## COLLECTED MATERIAL
■ ■ ■ ■
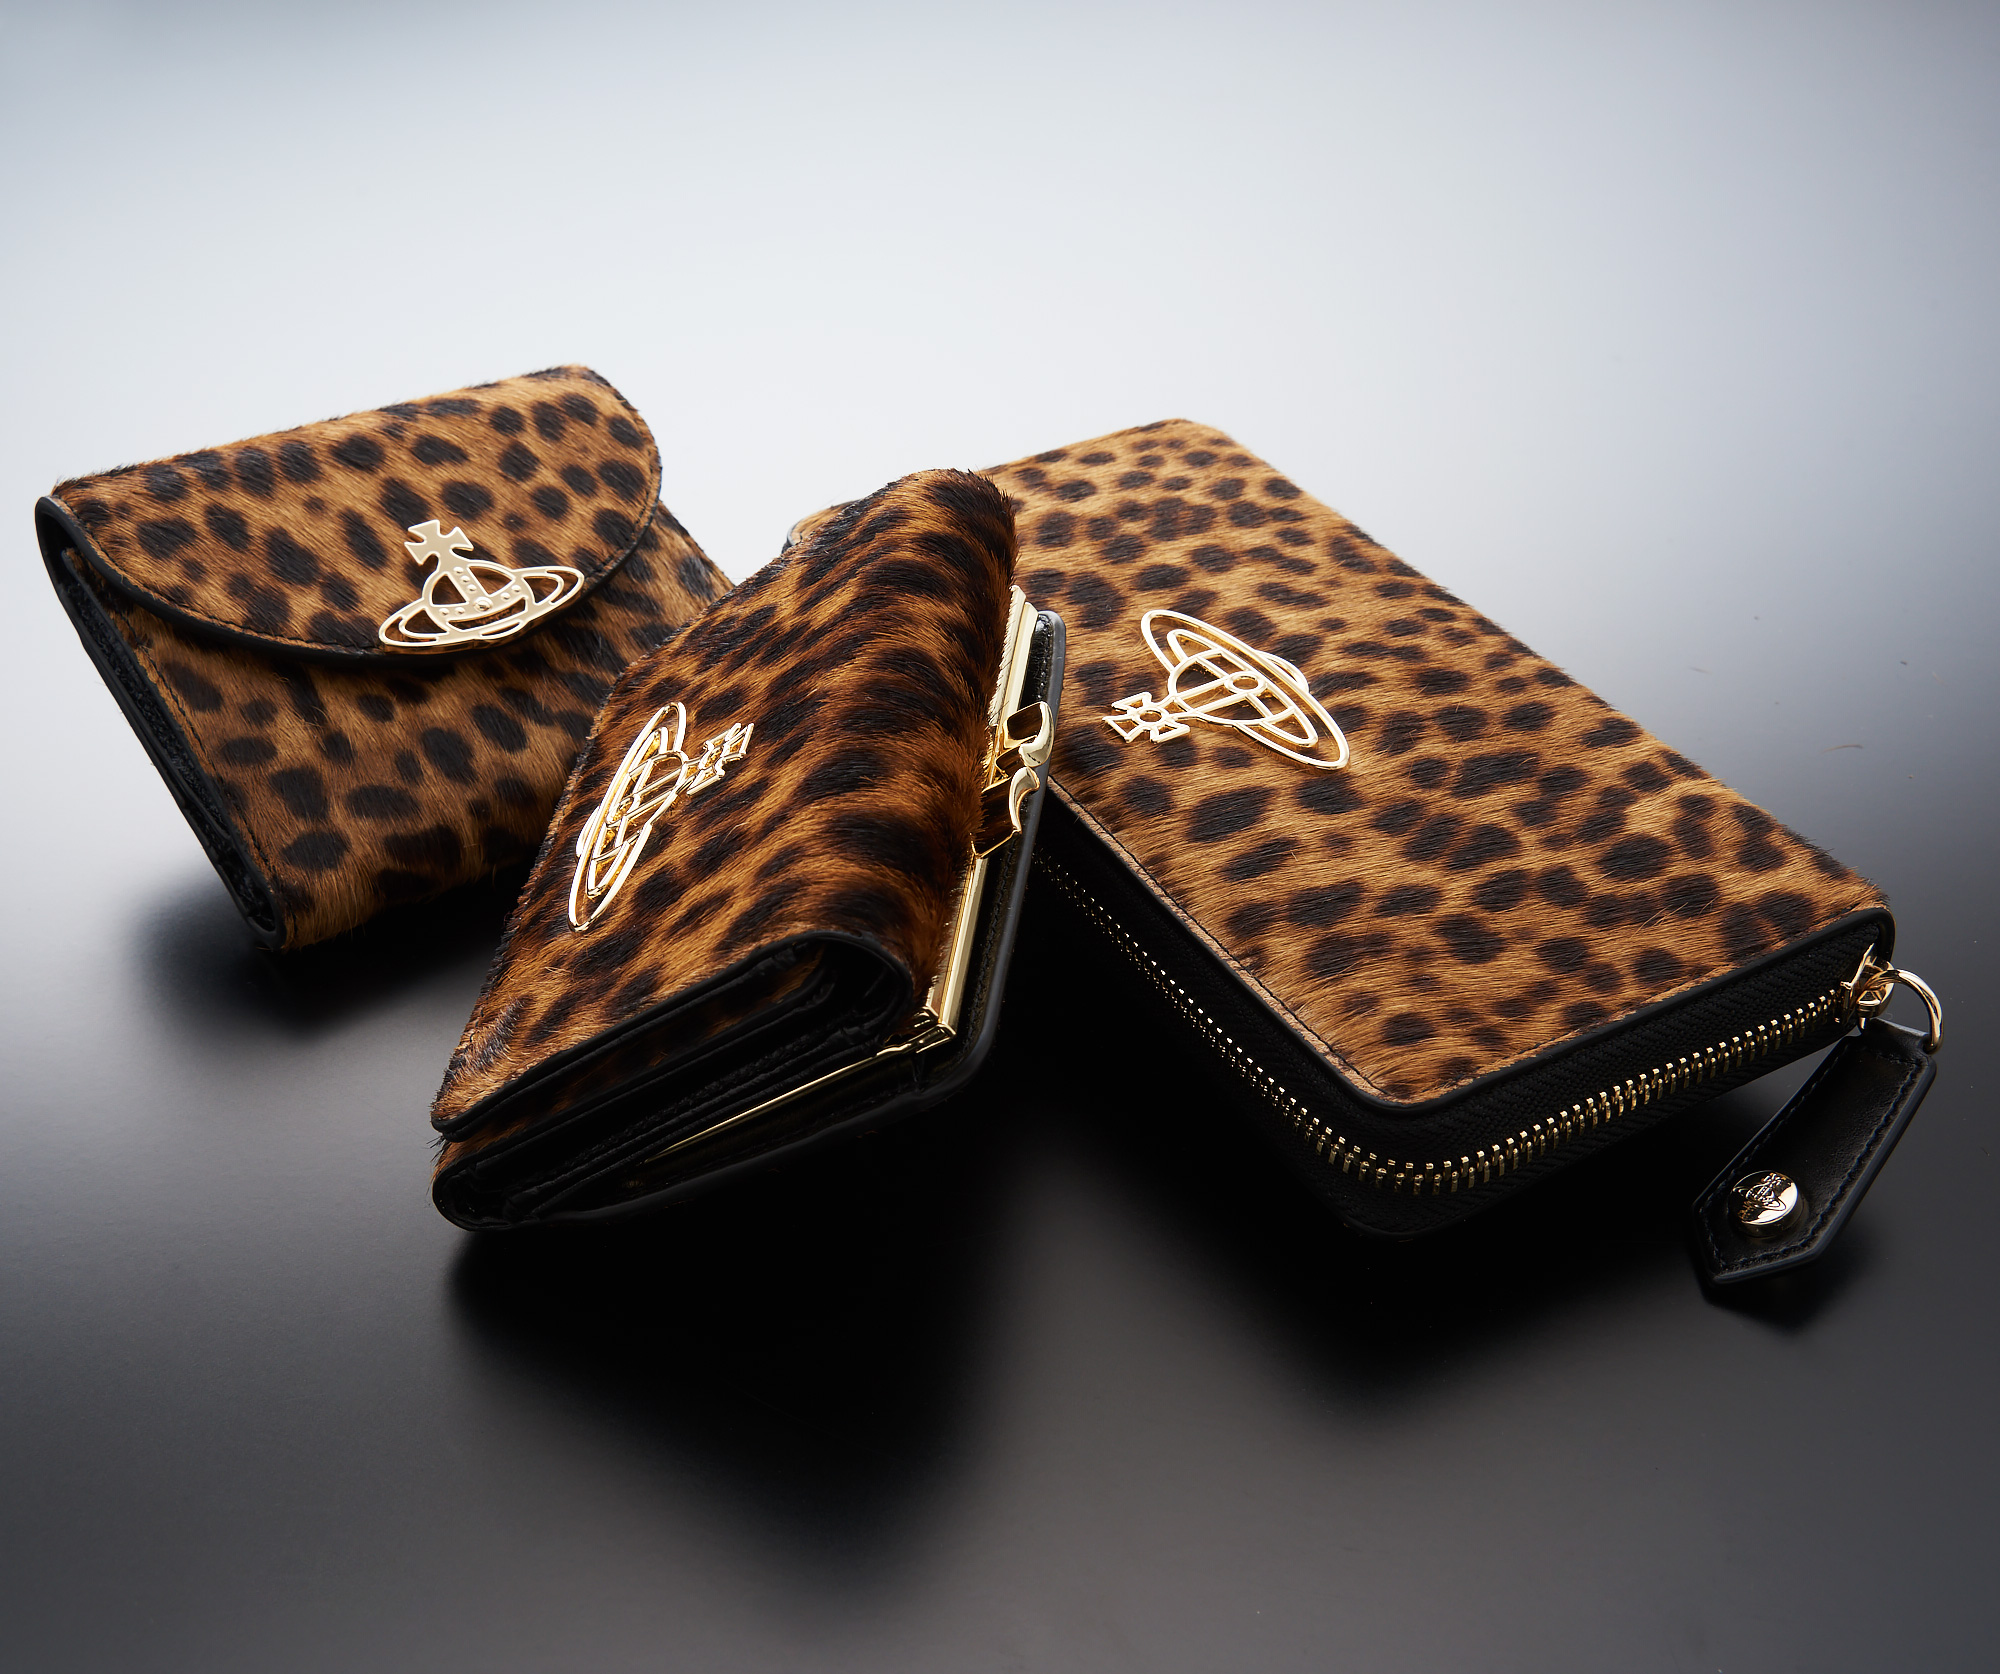 Vivienne Westwood “LEOPARD HAIRCALF Leather Goods” On Sale
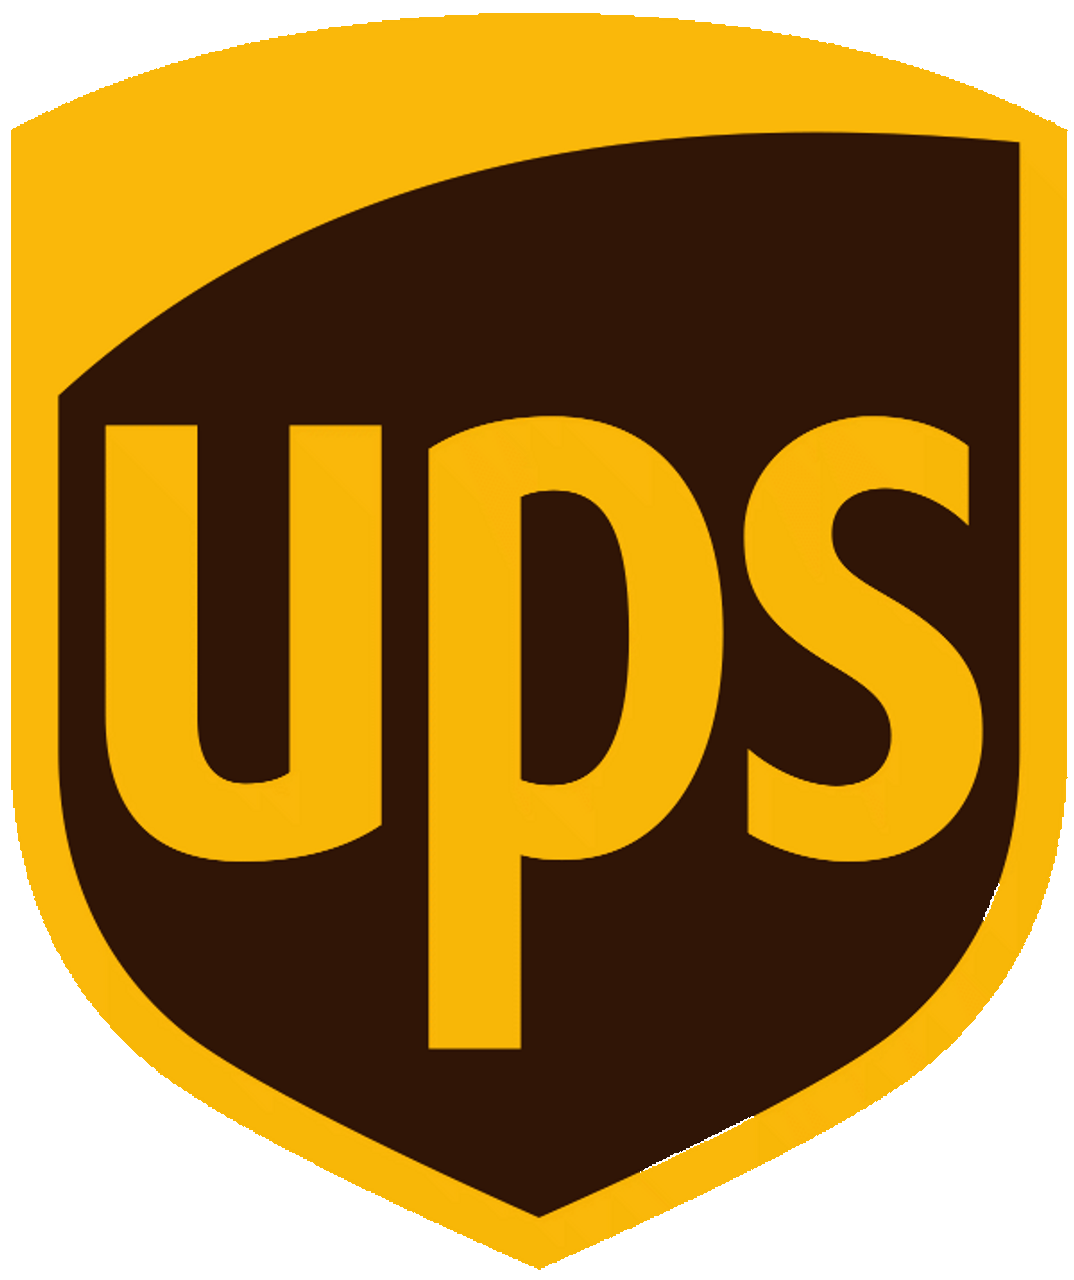 Shipped by UPS
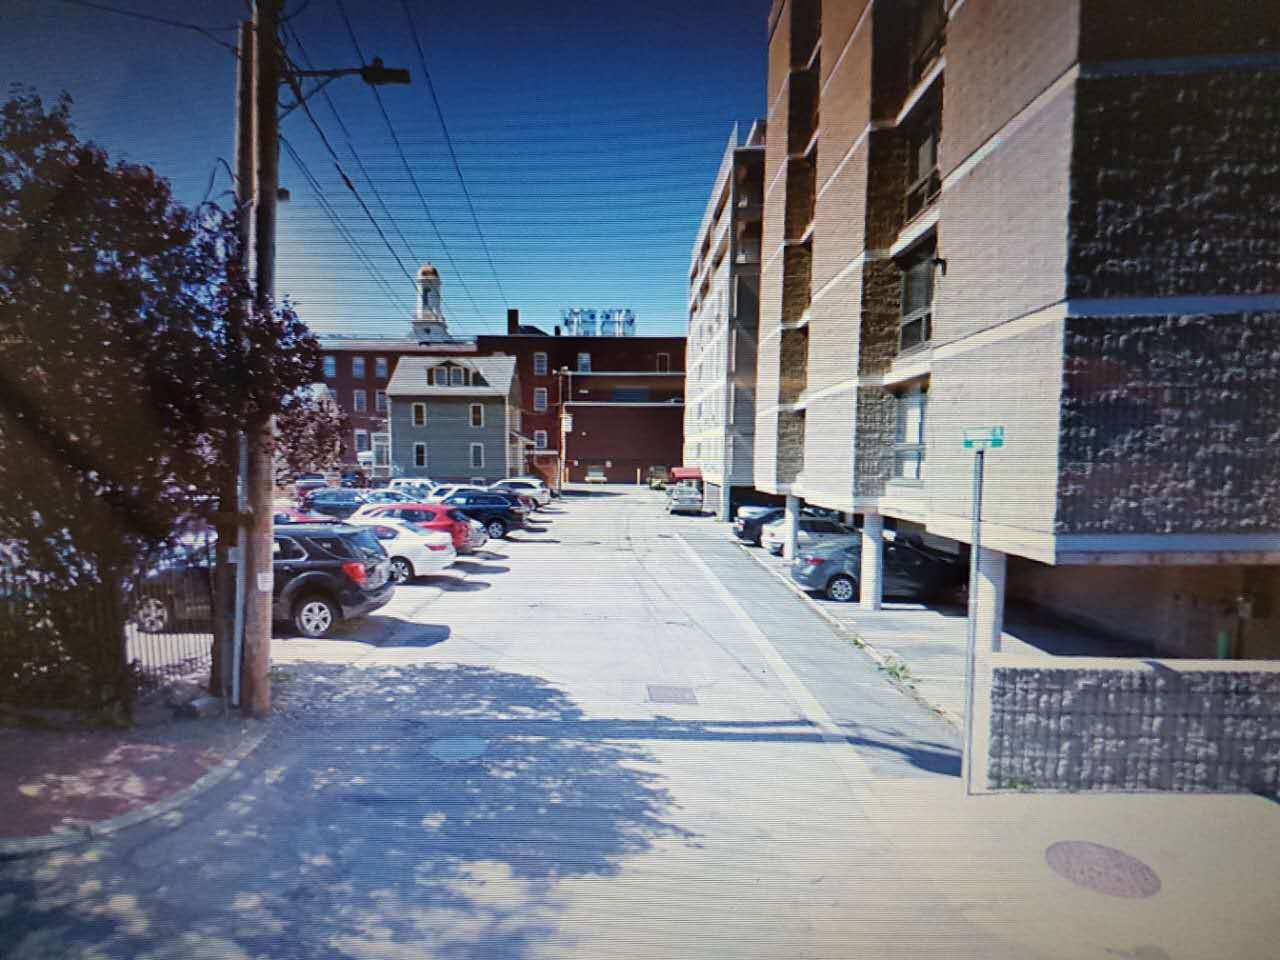 Parking, Garages And Car Spaces For Rent - Month To Month Undercover Safe Spot Near Broadway
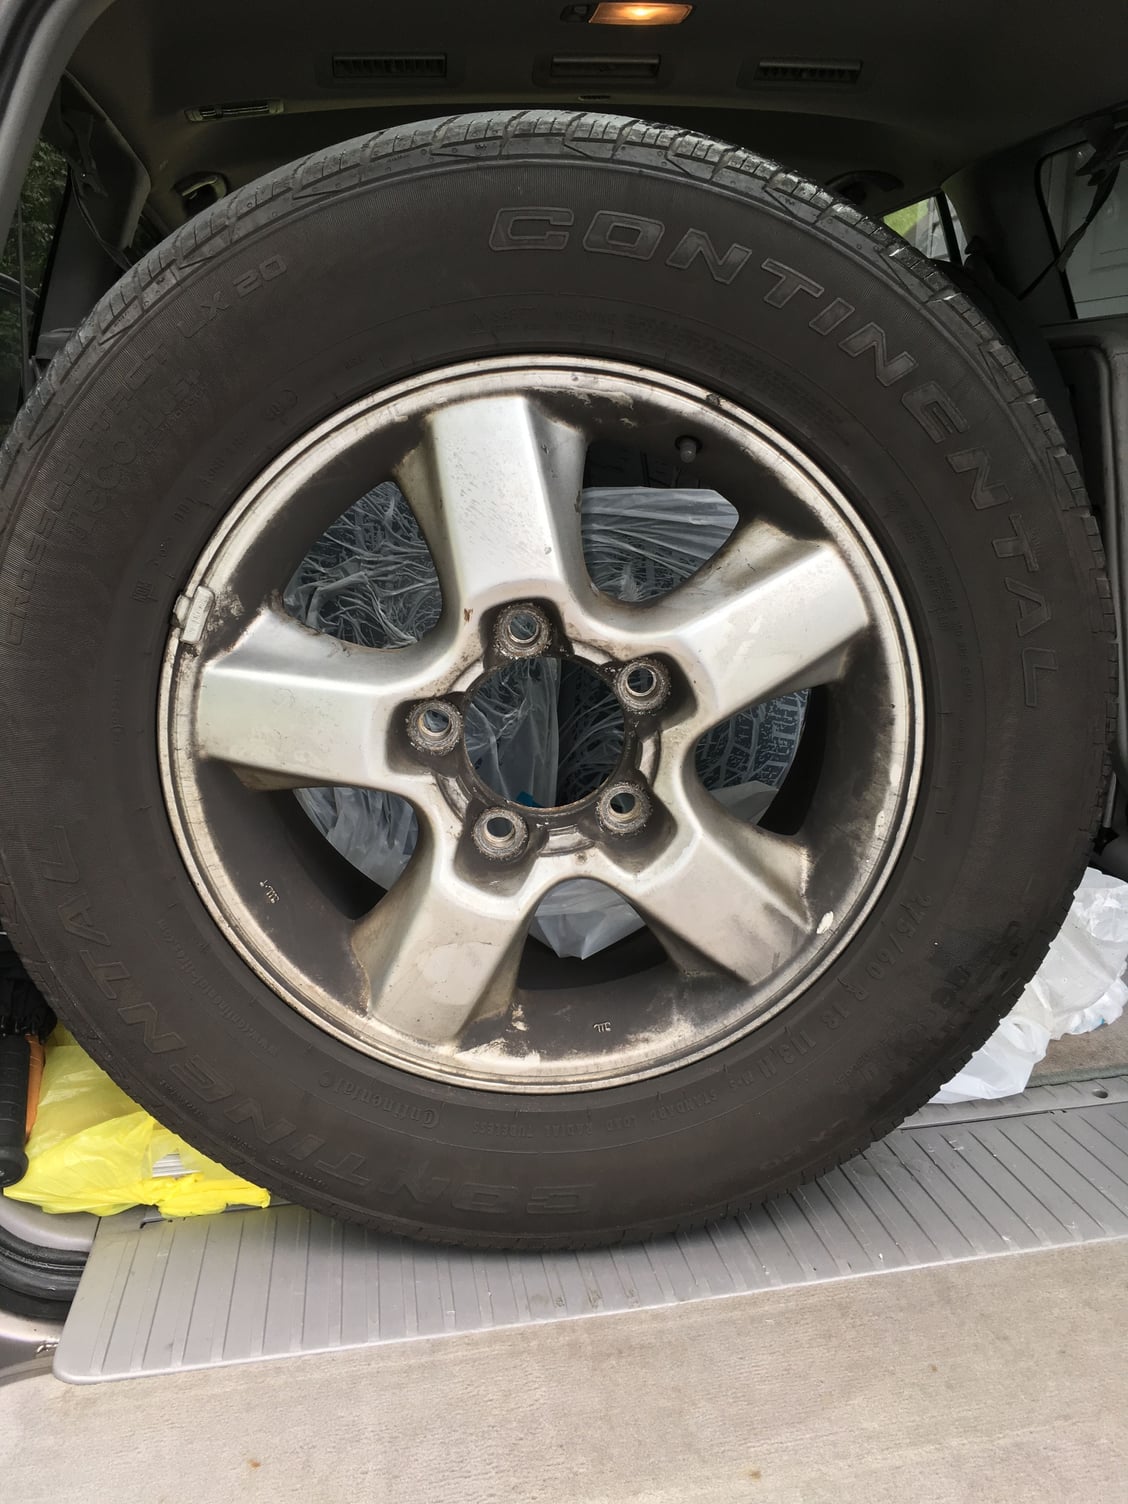 Wheels and Tires/Axles - (PA) Set of 4 Land Cruiser Wheels and Tires - $400 OBO - Used - 1998 to 2007 Toyota Land Cruiser - Philadelphia, PA 19103, United States
■ ■ ■ ■
Copy out the lines exactly as written, beginning with the one that contains "Parking, Garages And" and ending with the last line of the material; do not include pictures.

## TASK ANSWER
 Parking, Garages And Car Spaces For Rent - Month To Month Undercover Safe Spot Near Broadway
 Wheels and Tires/Axles - (PA) Set of 4 Land Cruiser Wheels and Tires - $400 OBO - Used - 1998 to 2007 Toyota Land Cruiser - Philadelphia, PA 19103, United States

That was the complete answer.